A Pastoral and Personal Struggle over Gaza

We left Palestine in 2003. Until 2005, we continued to work on behalf of education and advocacy in the region, though we were in the States. So for three plus years, I have more or less disengaged from the issues therein. I stay informed, I keep in touch with friends, I attend peace vigils and work at building interfaith relationships locally. But I have not said much on the issue for several reasons. The first is personal. I was burned out. I was heartbroken and exhausted trying to work for peace in a region where it seems like it would never actually happen. On top of that, the criticisms we got were deeply personal. If you want to know what I'm talking about, Google my name.
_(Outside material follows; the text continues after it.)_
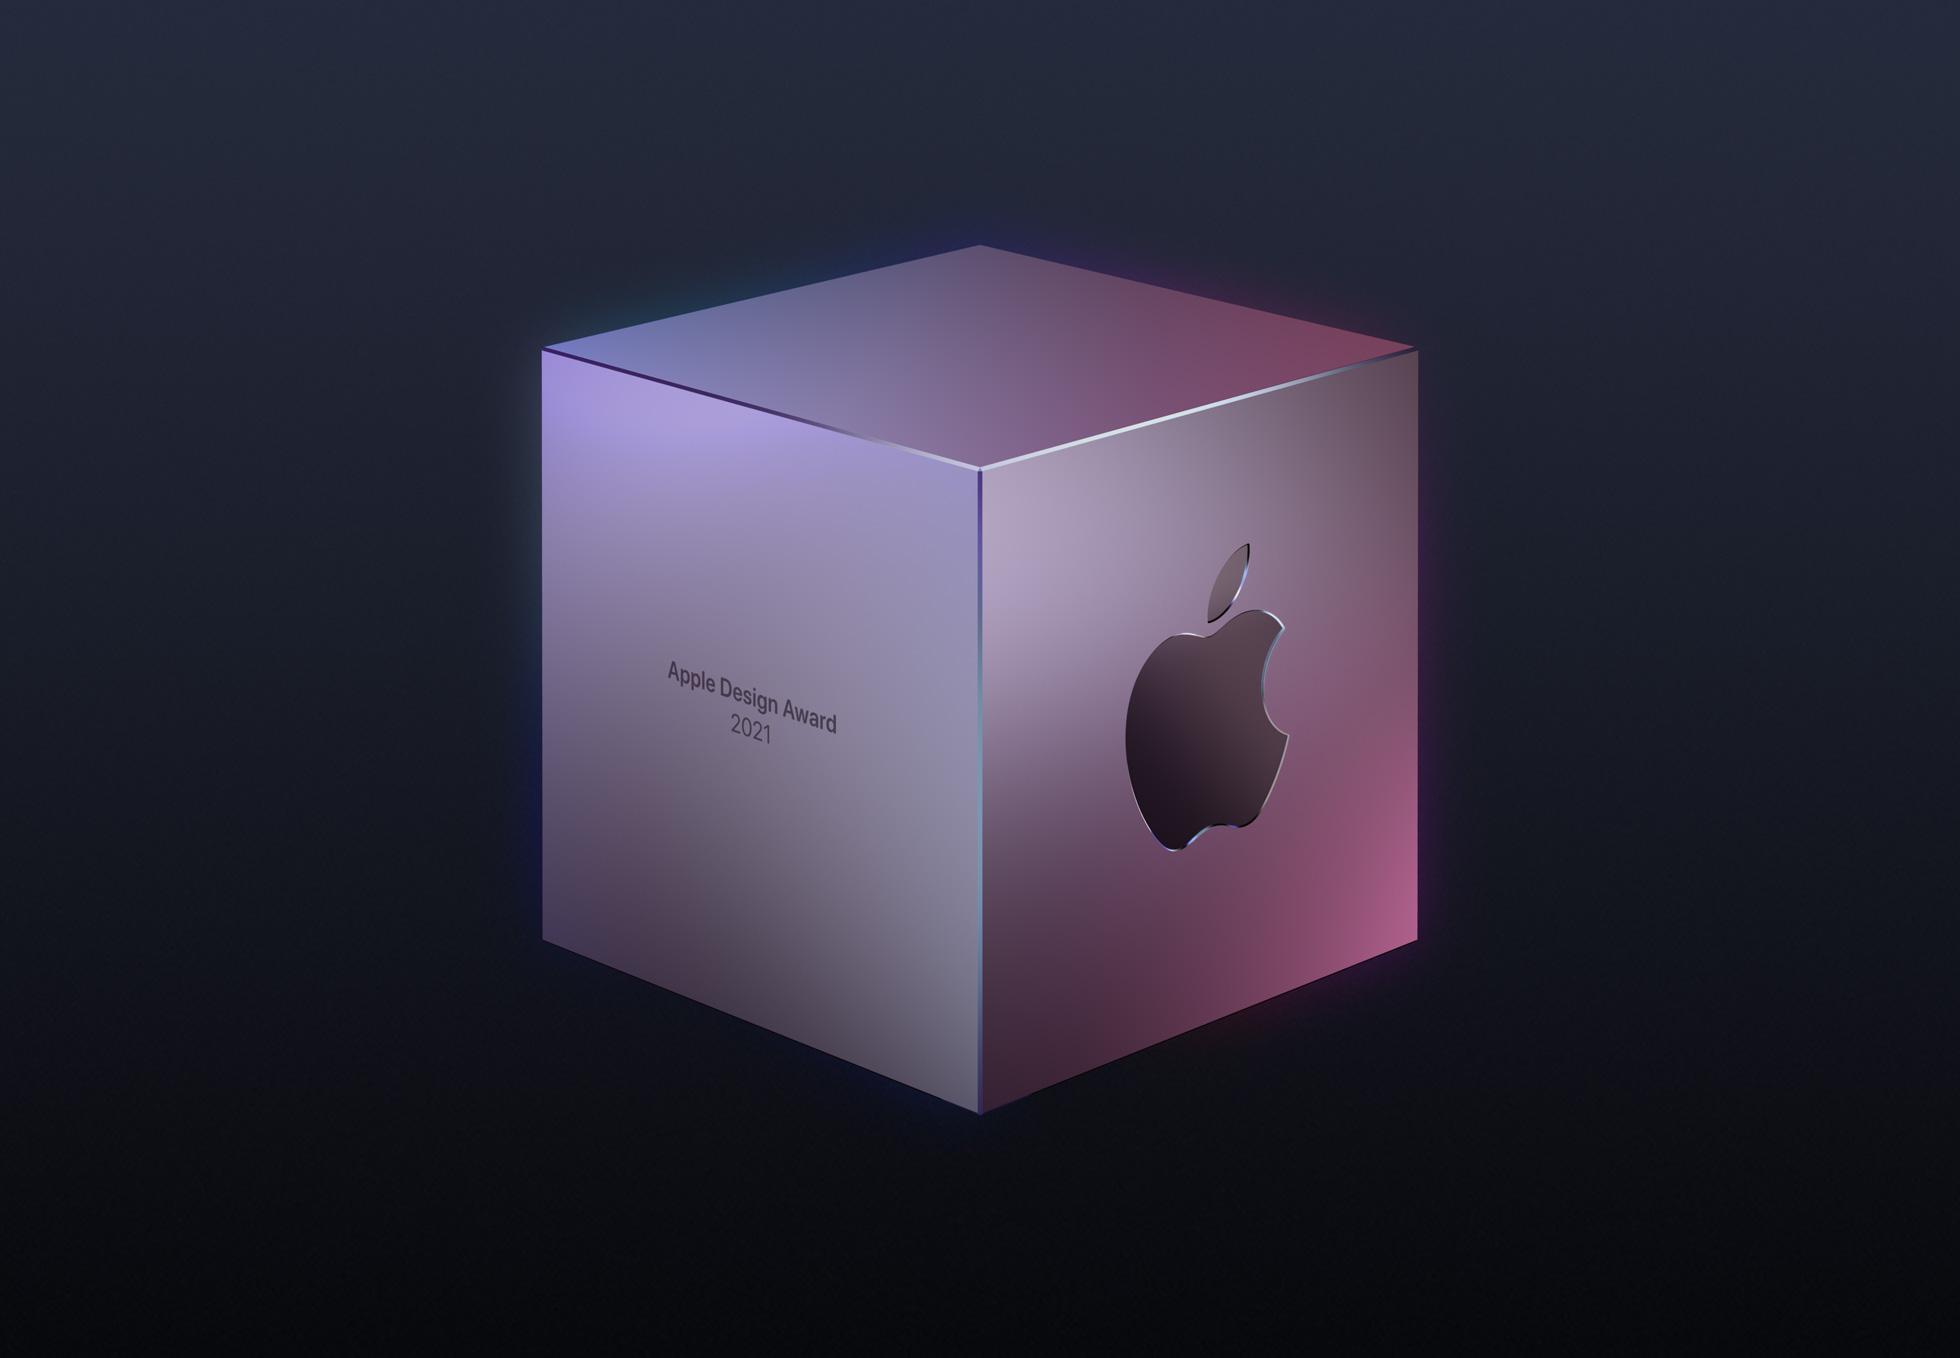 Apple_WWDC21-Apple-Design-Awards_061021.jpg
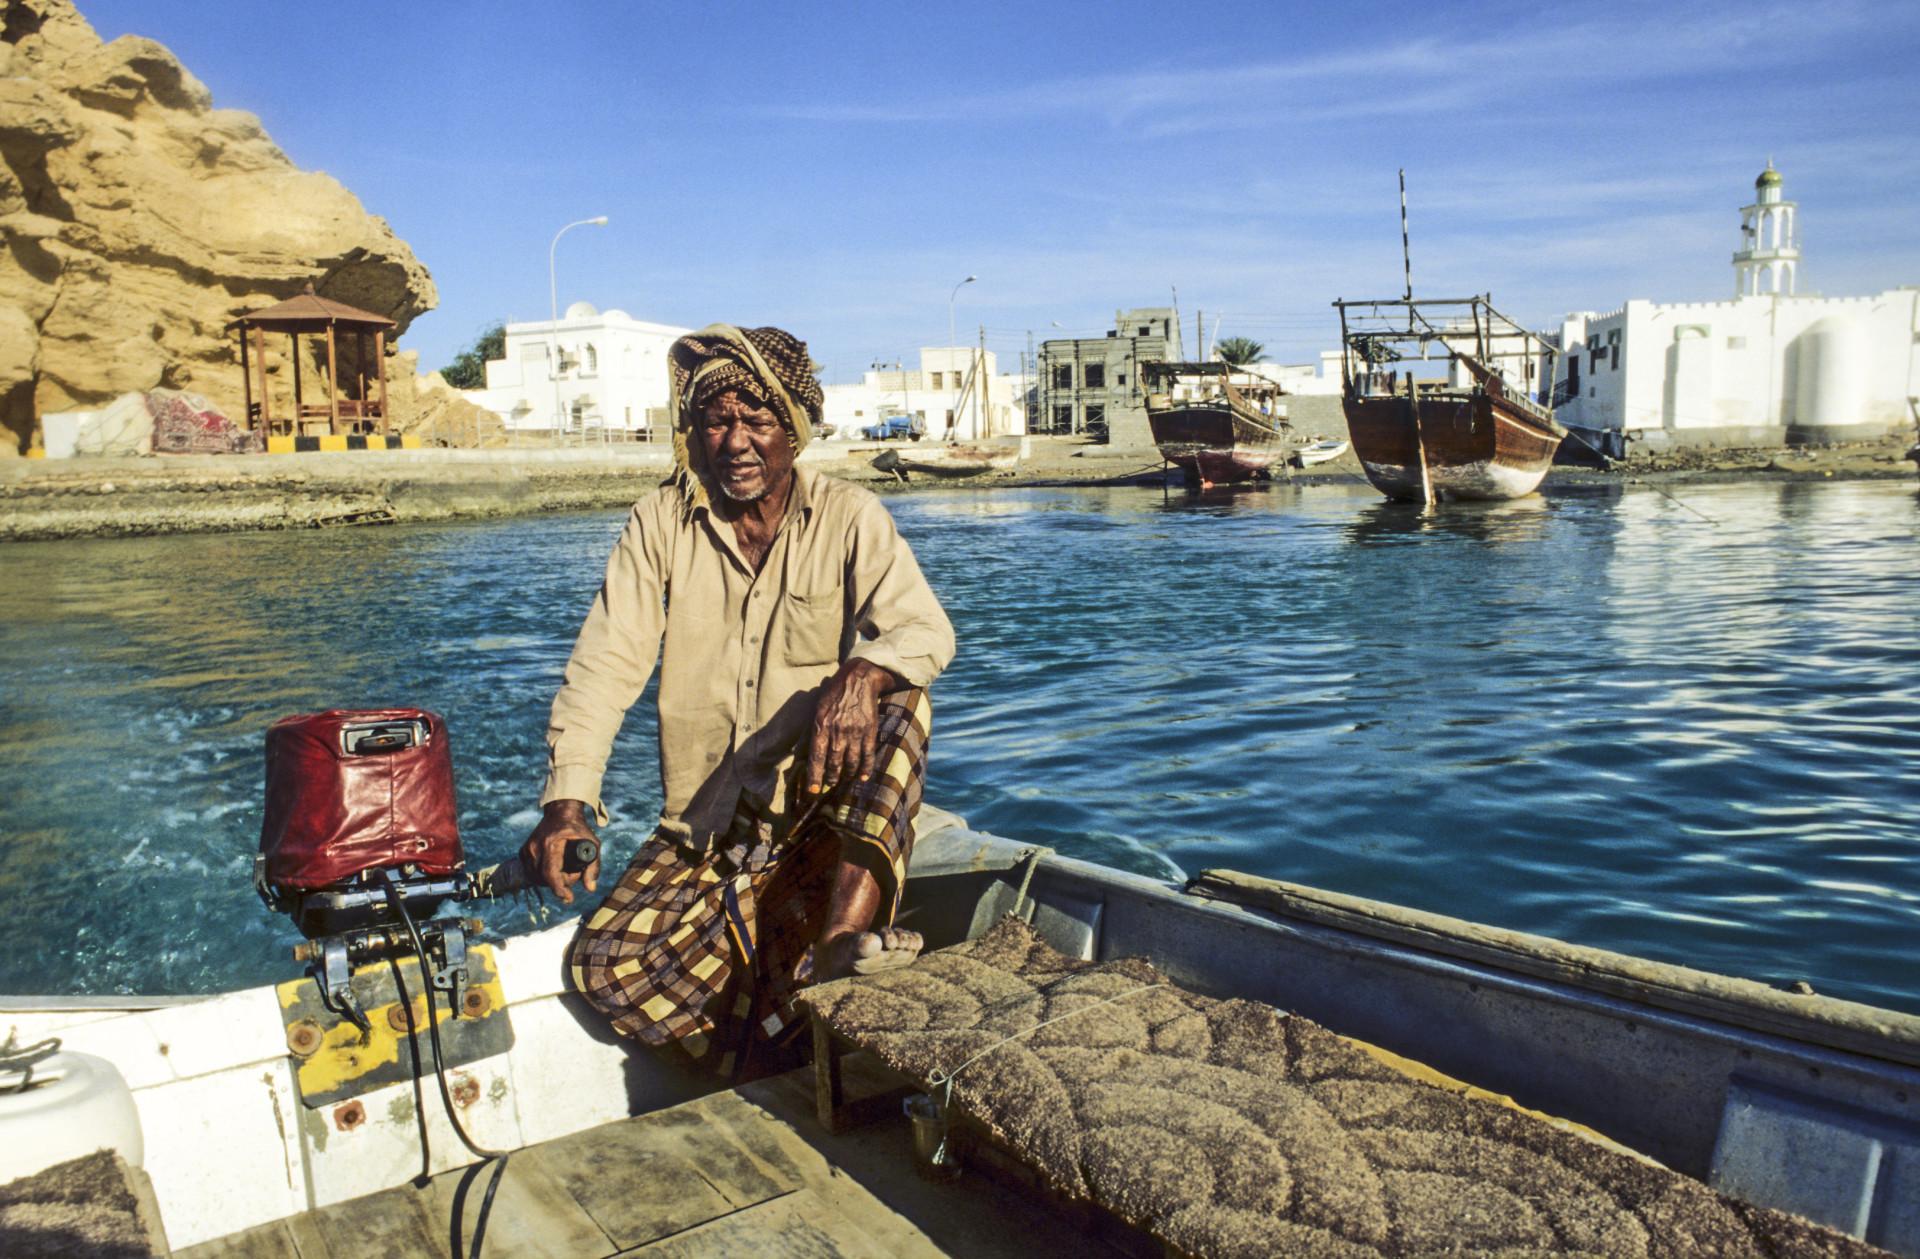 Bootje met local man, Sur, Oman

You'll get a sense of why I haven't done that in 5 years. The labels stung. They cut me to the quick. I have done my best to be very careful about the language I use and have worked to examine my assumptions about the conflict because I didn't want to fall prey to the horrific traps that others do when advocating for Palestinians. But it didn't matter; the accusations came anyway.

The second reason was pastoral. I am in a new role, pastor of a congregation. I have a prophetic role, yes, but I also cherish this community and the fact that we don't disagree. I am also aware that my voice has an inordinate amount of power in this role, and the possibility of being misunderstood as imposing a point of view looms large.

One member in particular approached me not long after I arrived, expressing concern over my history. This is a member whom I have come to cherish a great deal. I promised them that I would be honest to my conscience, but that I would never ask the church to take a stand on this (or any) issue, since that diversity of voices is so important. And that conversation has kept me grounded. I do not want to be an ambulance chaser, responding to this crisis or the other as a way of doing ministry. But I don't want my ministry to be so limited that I'm not giving theological voice on issues that I think are important, even if most of my congregation thinks they're too secular.

That being said, I'm aware that my preaching about the politics of Palestine is tricky business. It's an emotional topic anyway, and my proximity to the issues (despite my in-depth knowledge of them) means I might lose my perspective.

So when I look at Gaza, my first reaction is horror and disgust. There must be something to be said about all of this. But with the caveats above in place, am I the right person to speak on it? Is it up there on the list of the world's greatest issues and therefore worthy of theological comment?

I remain unsure in the face of it all. But I will blog.